Segment Open

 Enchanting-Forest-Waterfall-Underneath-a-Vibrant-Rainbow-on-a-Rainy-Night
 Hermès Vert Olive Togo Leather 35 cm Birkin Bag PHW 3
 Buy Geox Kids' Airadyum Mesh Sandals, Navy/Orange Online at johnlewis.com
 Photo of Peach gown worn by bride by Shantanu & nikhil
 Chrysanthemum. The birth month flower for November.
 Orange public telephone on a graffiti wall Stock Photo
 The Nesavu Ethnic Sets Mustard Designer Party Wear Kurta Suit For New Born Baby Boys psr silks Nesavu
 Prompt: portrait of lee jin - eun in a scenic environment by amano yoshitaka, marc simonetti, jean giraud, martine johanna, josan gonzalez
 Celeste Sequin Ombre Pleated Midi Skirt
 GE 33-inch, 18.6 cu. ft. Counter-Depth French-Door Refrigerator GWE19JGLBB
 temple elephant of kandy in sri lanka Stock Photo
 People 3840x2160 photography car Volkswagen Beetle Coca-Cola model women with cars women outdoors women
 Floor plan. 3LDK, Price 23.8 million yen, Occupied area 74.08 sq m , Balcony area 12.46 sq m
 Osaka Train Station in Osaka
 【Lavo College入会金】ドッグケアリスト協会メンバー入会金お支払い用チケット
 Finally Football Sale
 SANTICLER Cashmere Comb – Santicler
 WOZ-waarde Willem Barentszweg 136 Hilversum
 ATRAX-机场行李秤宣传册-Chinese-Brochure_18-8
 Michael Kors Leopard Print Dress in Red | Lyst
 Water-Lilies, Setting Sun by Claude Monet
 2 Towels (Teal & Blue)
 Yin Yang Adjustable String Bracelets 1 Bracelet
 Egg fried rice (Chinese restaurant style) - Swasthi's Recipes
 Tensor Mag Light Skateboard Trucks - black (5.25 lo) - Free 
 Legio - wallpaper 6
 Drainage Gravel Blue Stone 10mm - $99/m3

Segment Closed

• _DIRECTIONS FOR THIS TASK_:
Every line from the line containing "Buy Geox Kids'" through the line containing "temple elephant of" in the records above must be retyped exactly. Leave out the rest.

• _WRITTEN ANSWER_:
 Buy Geox Kids' Airadyum Mesh Sandals, Navy/Orange Online at johnlewis.com
 Photo of Peach gown worn by bride by Shantanu & nikhil
 Chrysanthemum. The birth month flower for November.
 Orange public telephone on a graffiti wall Stock Photo
 The Nesavu Ethnic Sets Mustard Designer Party Wear Kurta Suit For New Born Baby Boys psr silks Nesavu
 Prompt: portrait of lee jin - eun in a scenic environment by amano yoshitaka, marc simonetti, jean giraud, martine johanna, josan gonzalez
 Celeste Sequin Ombre Pleated Midi Skirt
 GE 33-inch, 18.6 cu. ft. Counter-Depth French-Door Refrigerator GWE19JGLBB
 temple elephant of kandy in sri lanka Stock Photo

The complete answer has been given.